__Information supplied__:
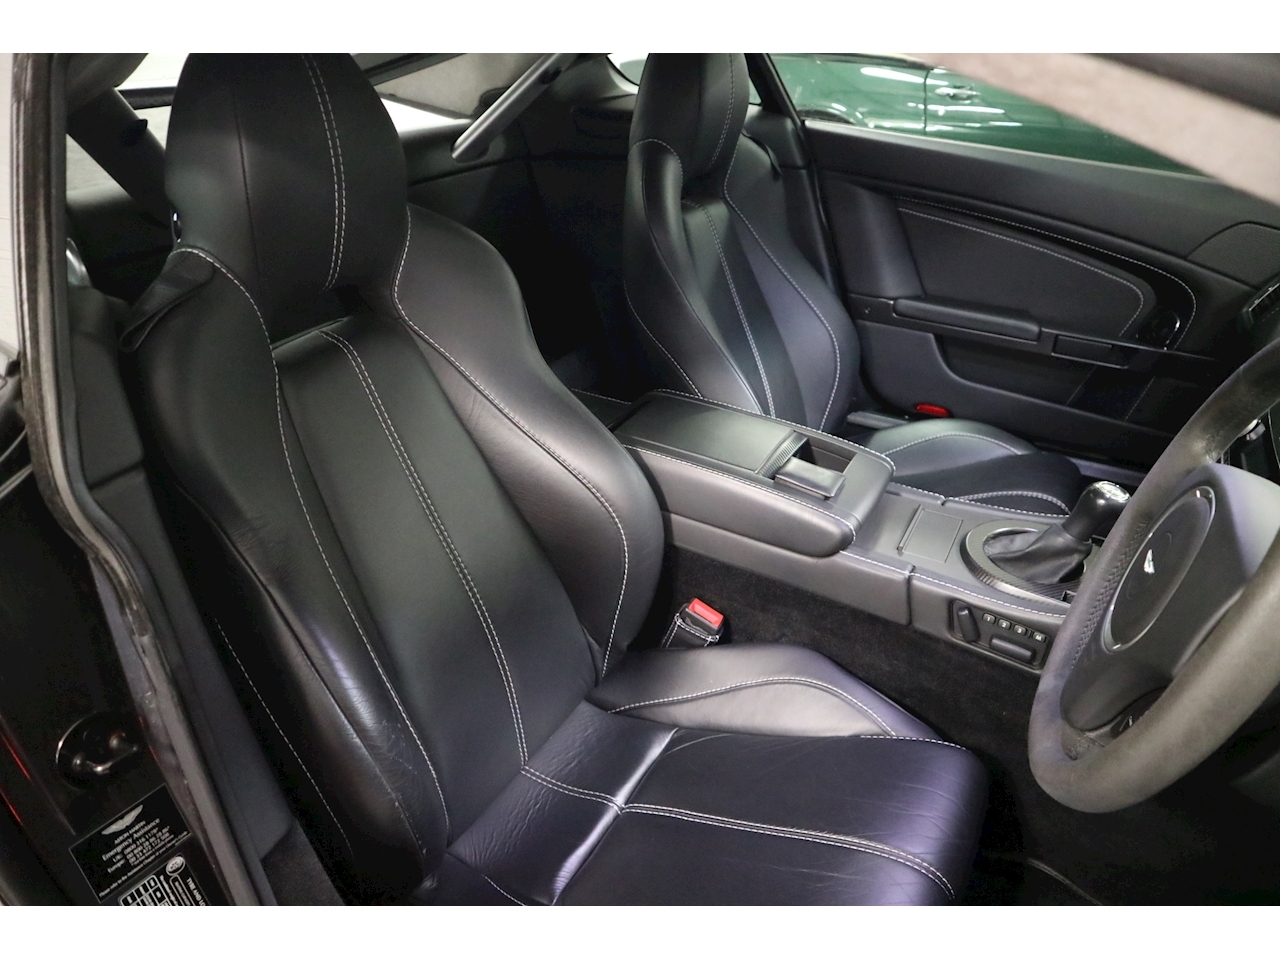 Vantage V8 Hatchback 4.7 Manual Petrol
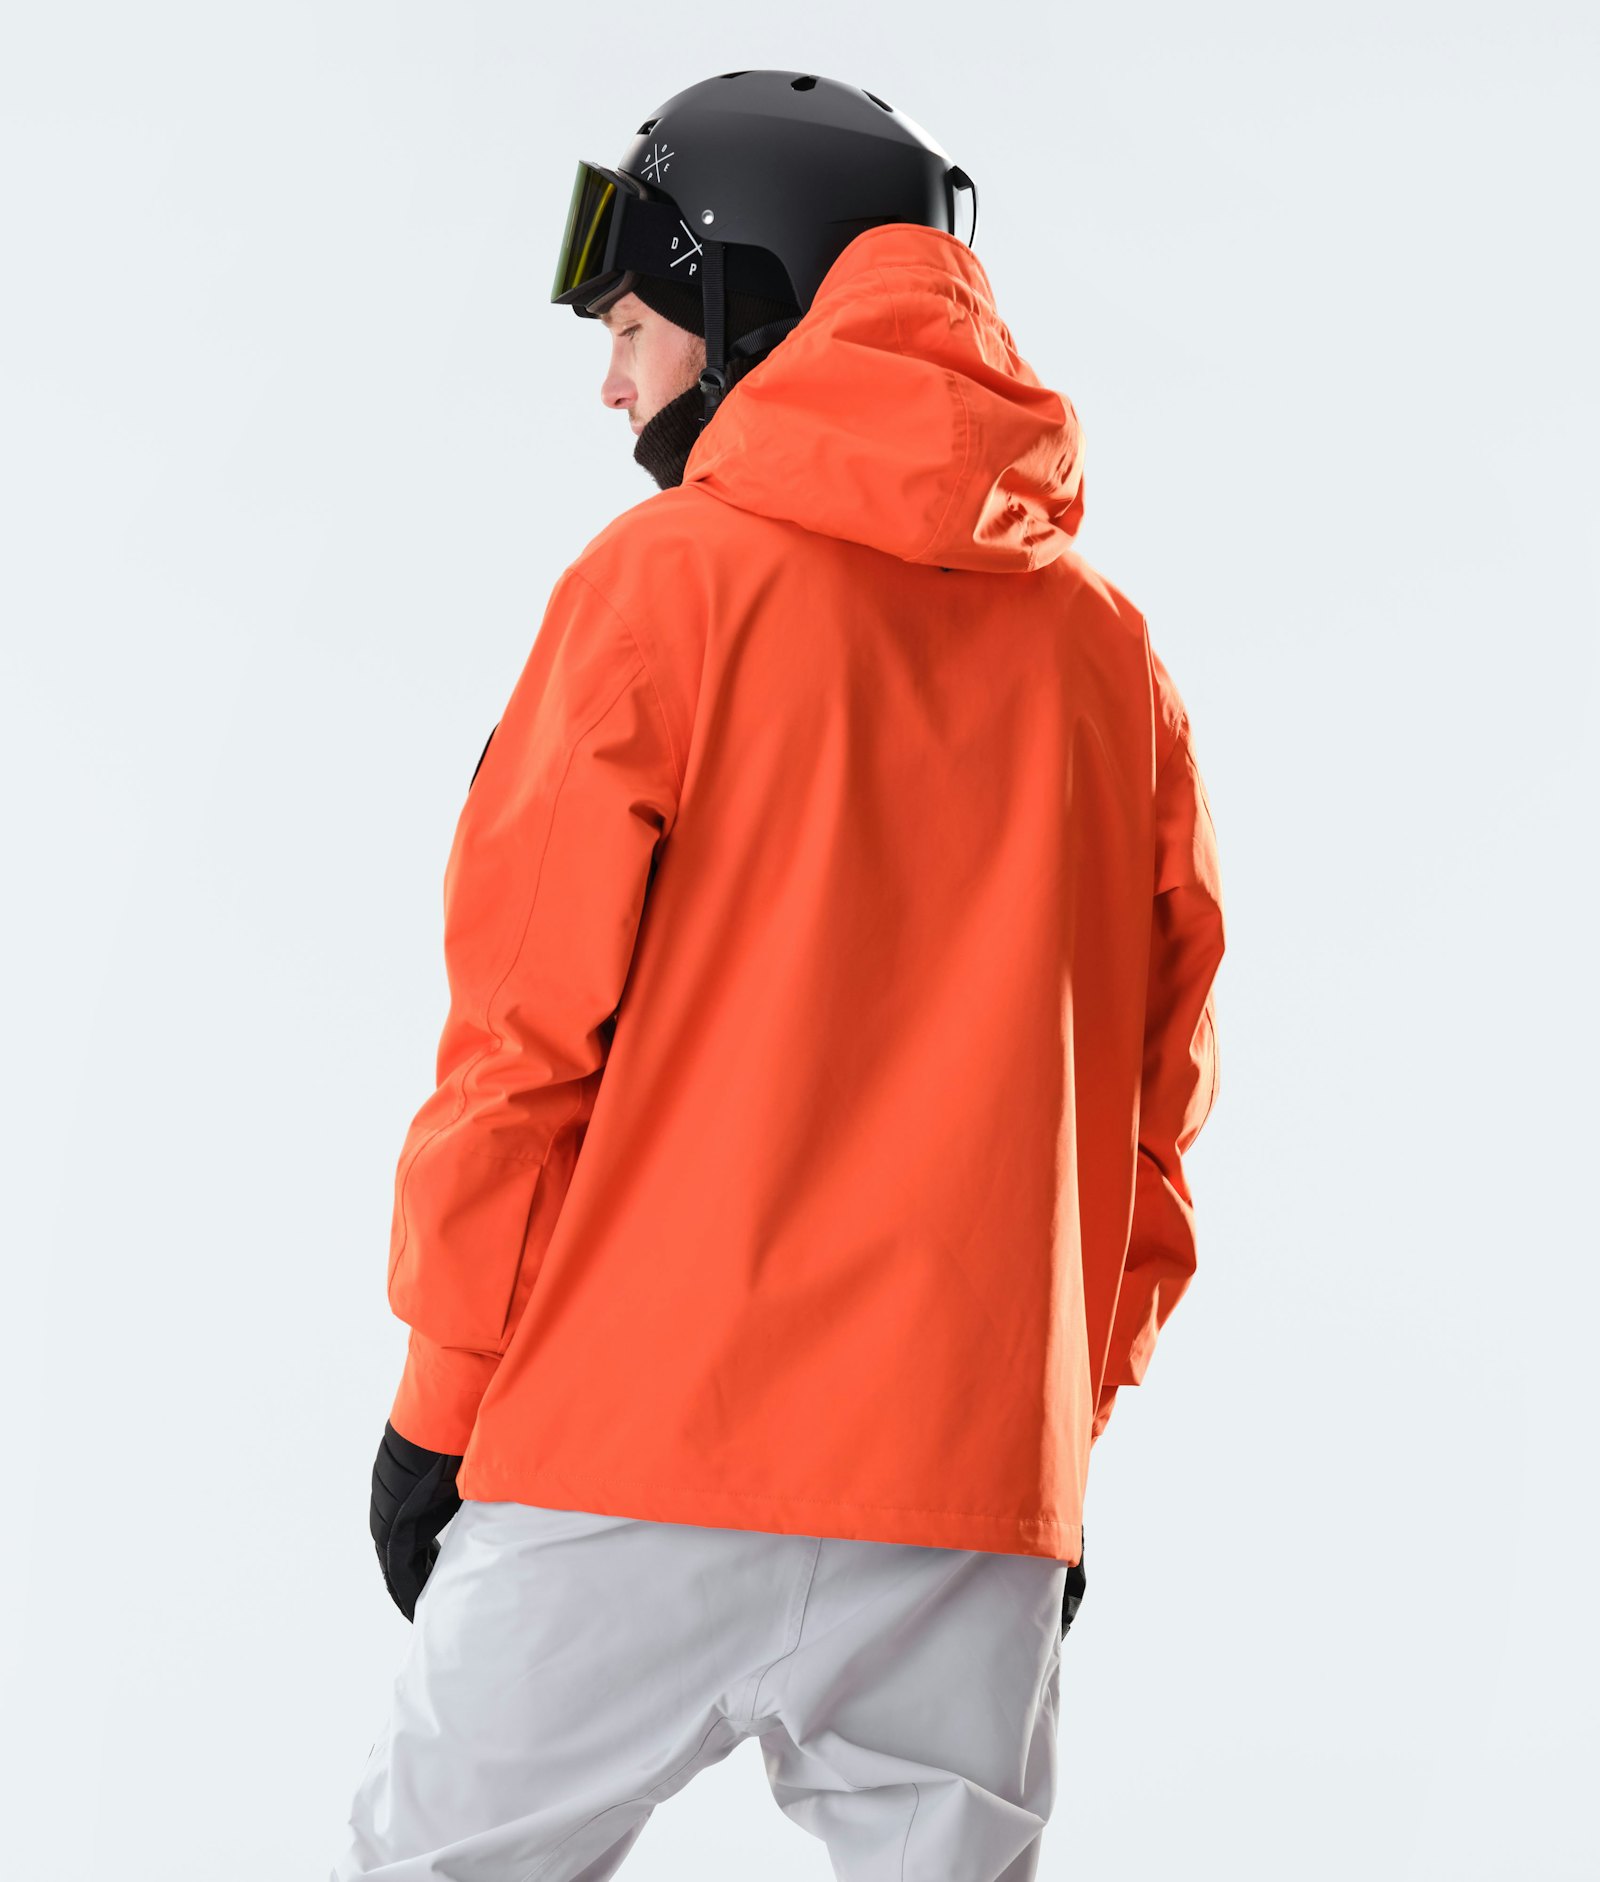 Blizzard 2020 Snowboardjacke Herren Orange
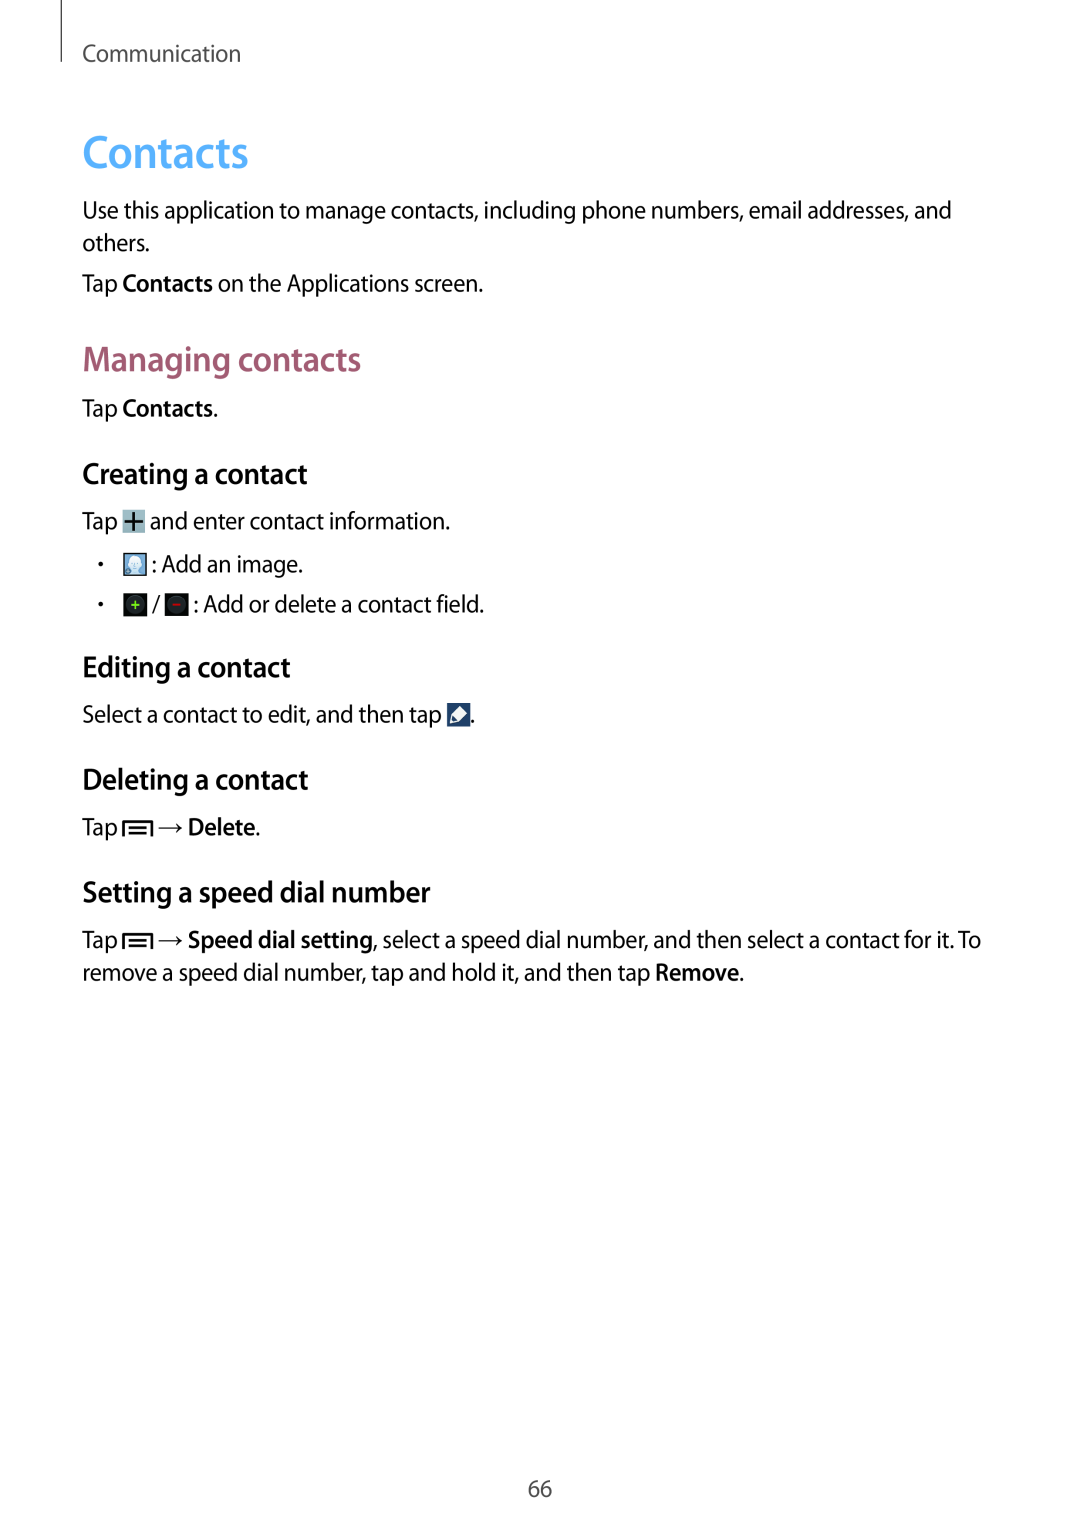 Samsung SM-N9005ZKEKSA manual Contacts, Managing contacts, Creating a contact, Editing a contact, Deleting a contact 
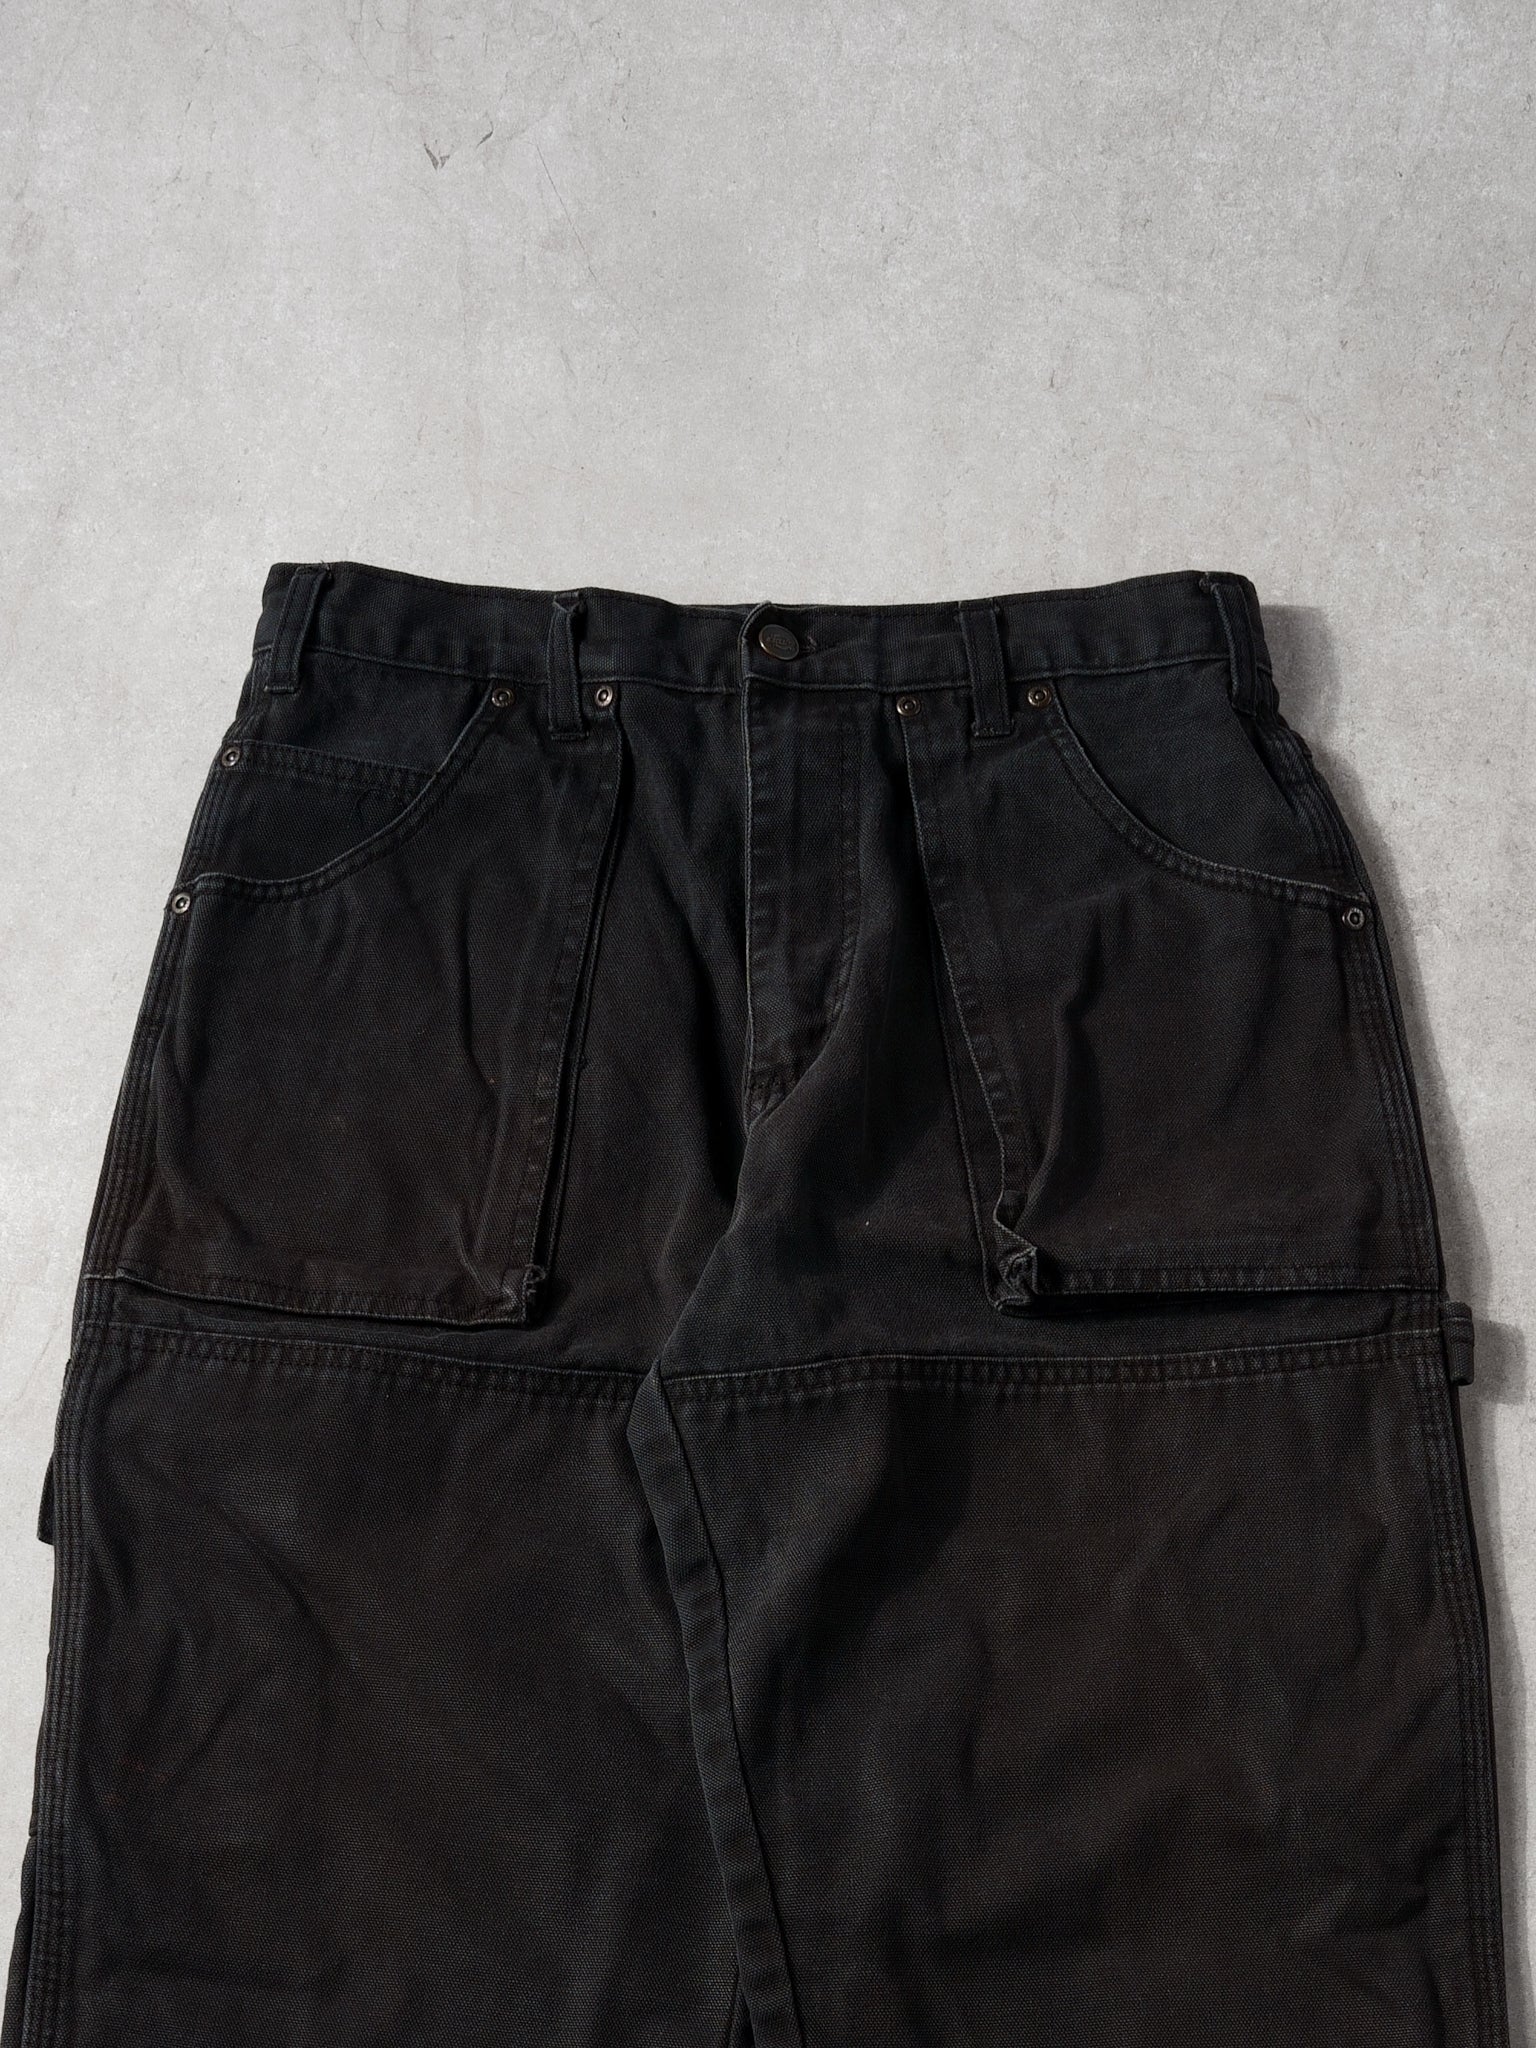 Vintage Black Dickies Double Knee Carpenter Pants (30x32)

__Exercise aim__:
Restrict the output to the lines from the one with "Samsung SM-N9005ZKEKSA manual" through the last line of the material above. Print them exactly, leaving out every picture.

__Response to the task__:
 Samsung SM-N9005ZKEKSA manual Contacts, Managing contacts, Creating a contact, Editing a contact, Deleting a contact 
 Vintage Black Dickies Double Knee Carpenter Pants (30x32)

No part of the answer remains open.